_DIRECTIONS:_
Could you transcribe each record below exactly as written, setting the pictures aside?
======== RAW DATA
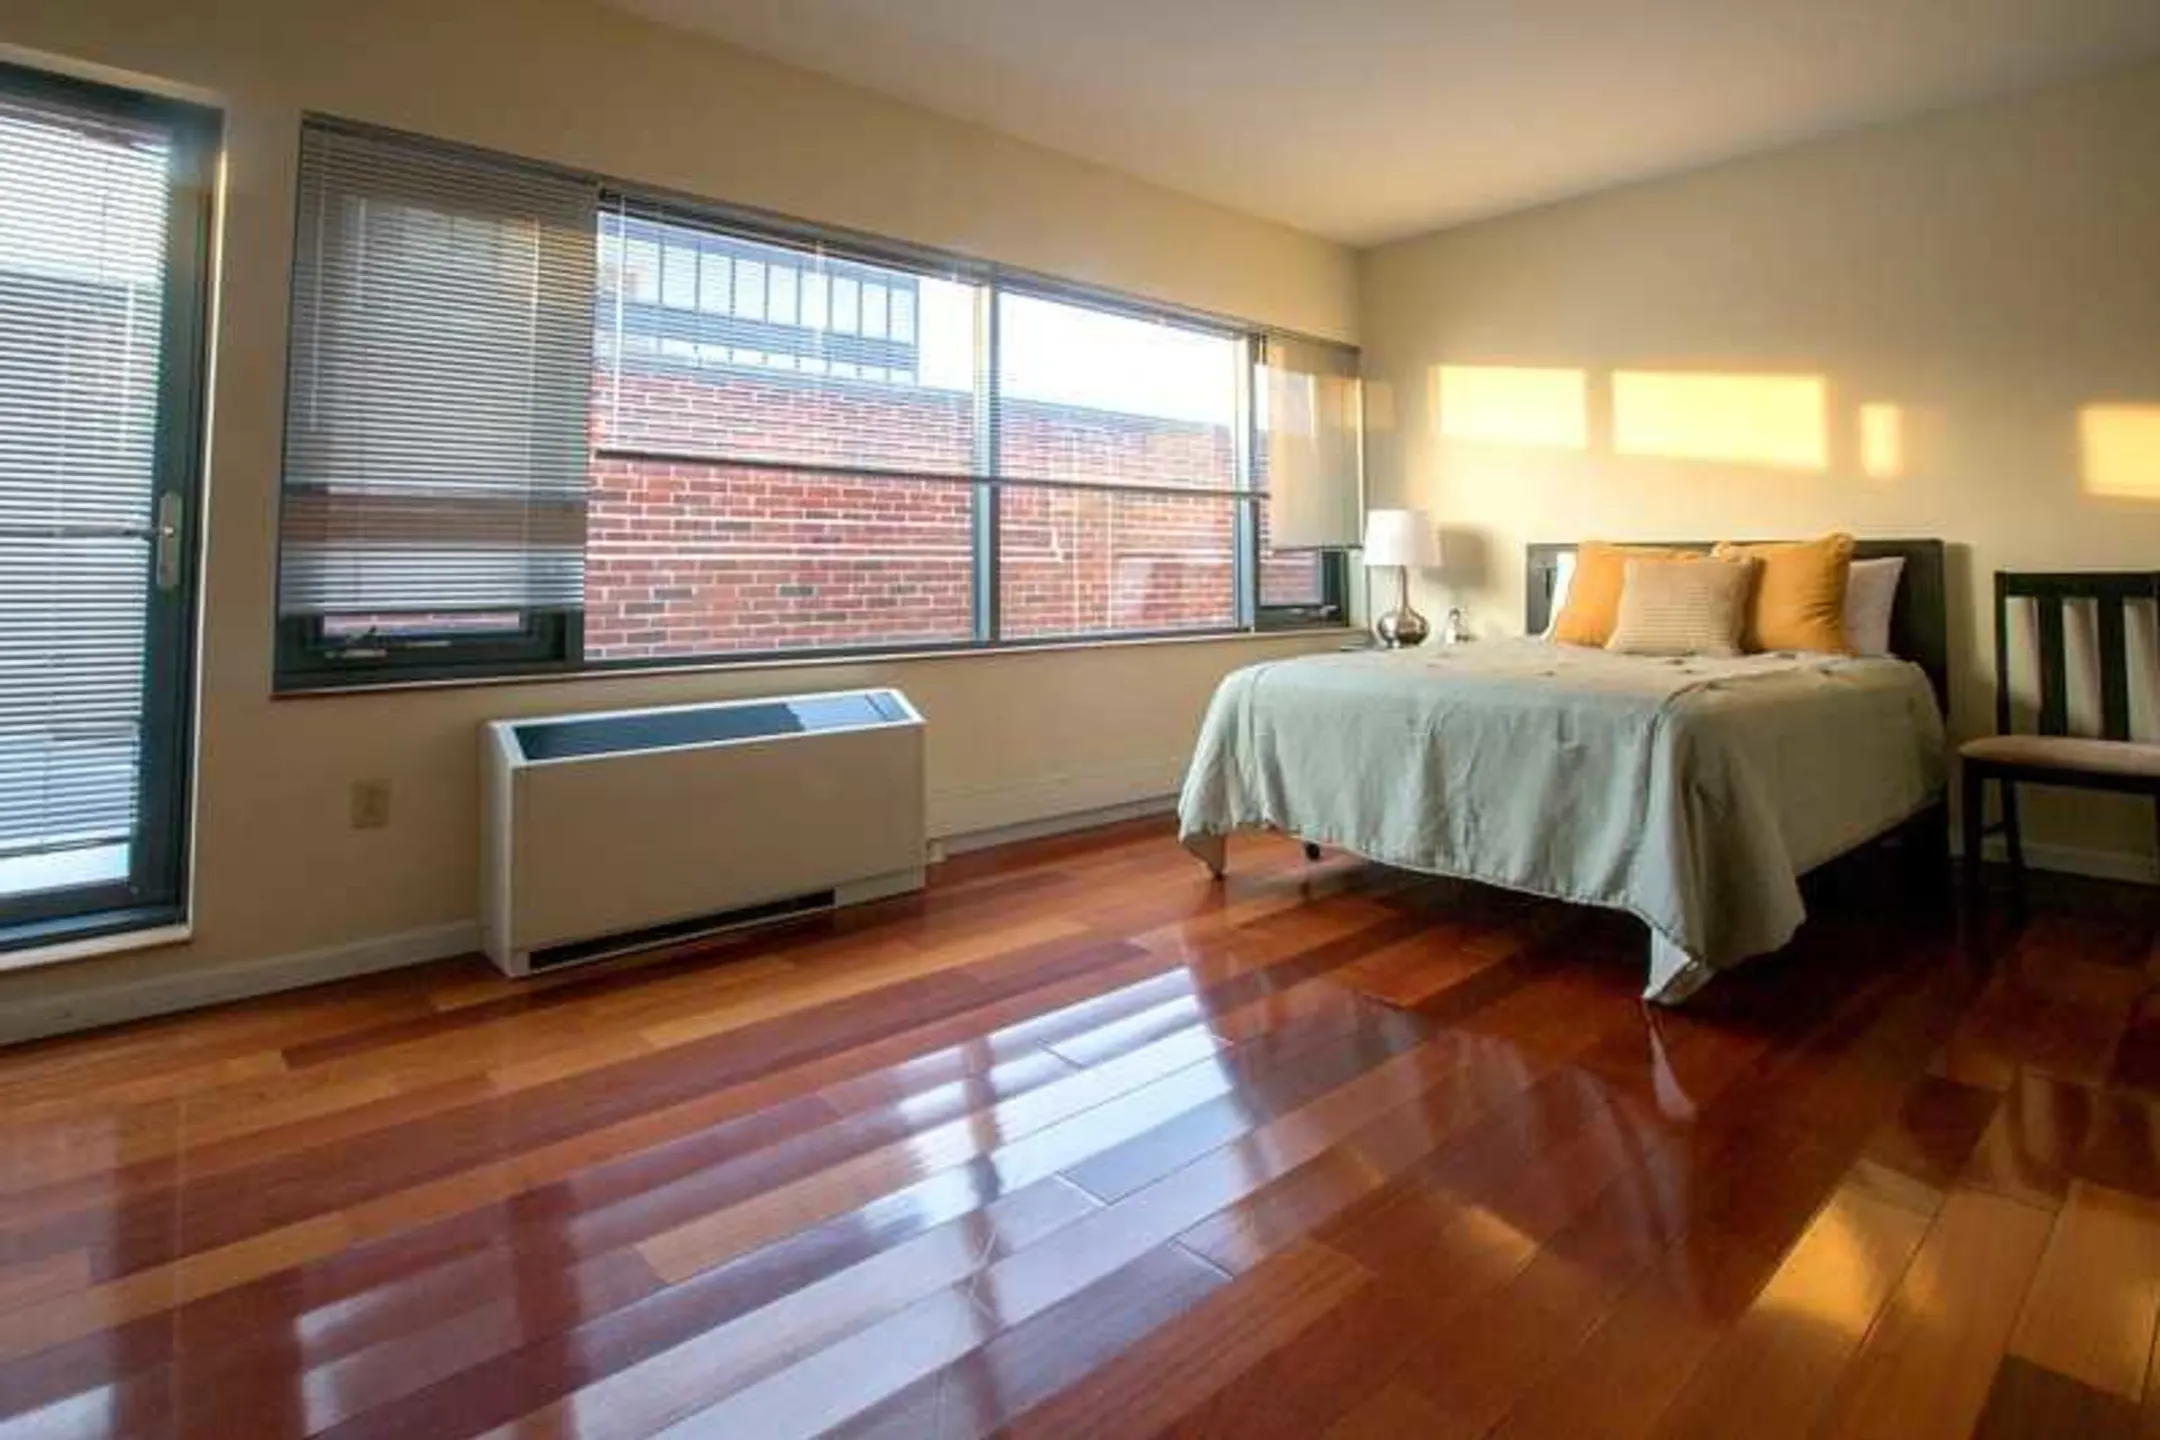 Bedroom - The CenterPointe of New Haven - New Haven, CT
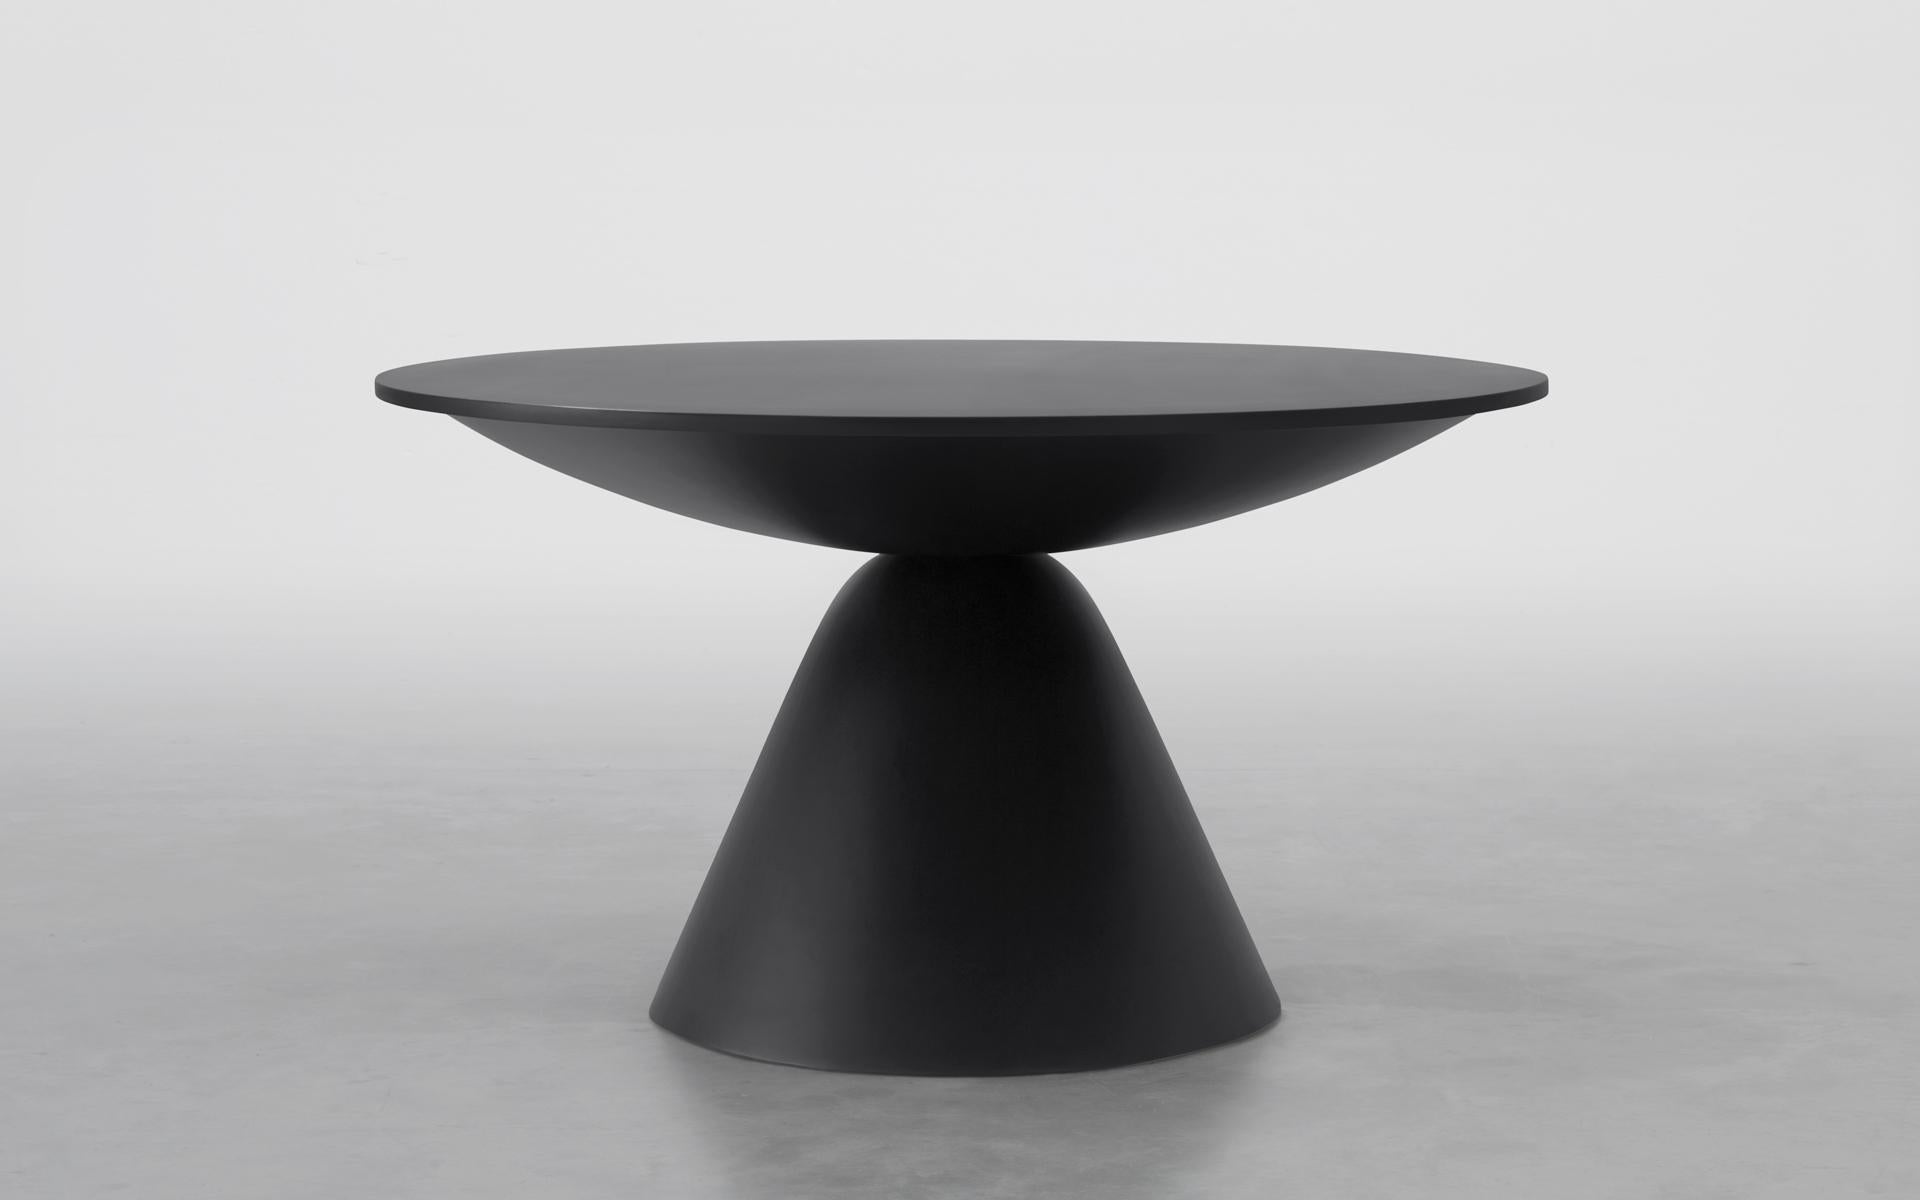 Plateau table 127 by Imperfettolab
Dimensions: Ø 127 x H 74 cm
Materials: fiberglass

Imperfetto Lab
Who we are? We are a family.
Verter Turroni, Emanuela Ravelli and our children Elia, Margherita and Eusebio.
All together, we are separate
================
_RESULT BELOW:_
 Bedroom - The CenterPointe of New Haven - New Haven, CT
 Plateau table 127 by Imperfettolab
Dimensions: Ø 127 x H 74 cm
Materials: fiberglass

Imperfetto Lab
Who we are? We are a family.
Verter Turroni, Emanuela Ravelli and our children Elia, Margherita and Eusebio.
All together, we are separate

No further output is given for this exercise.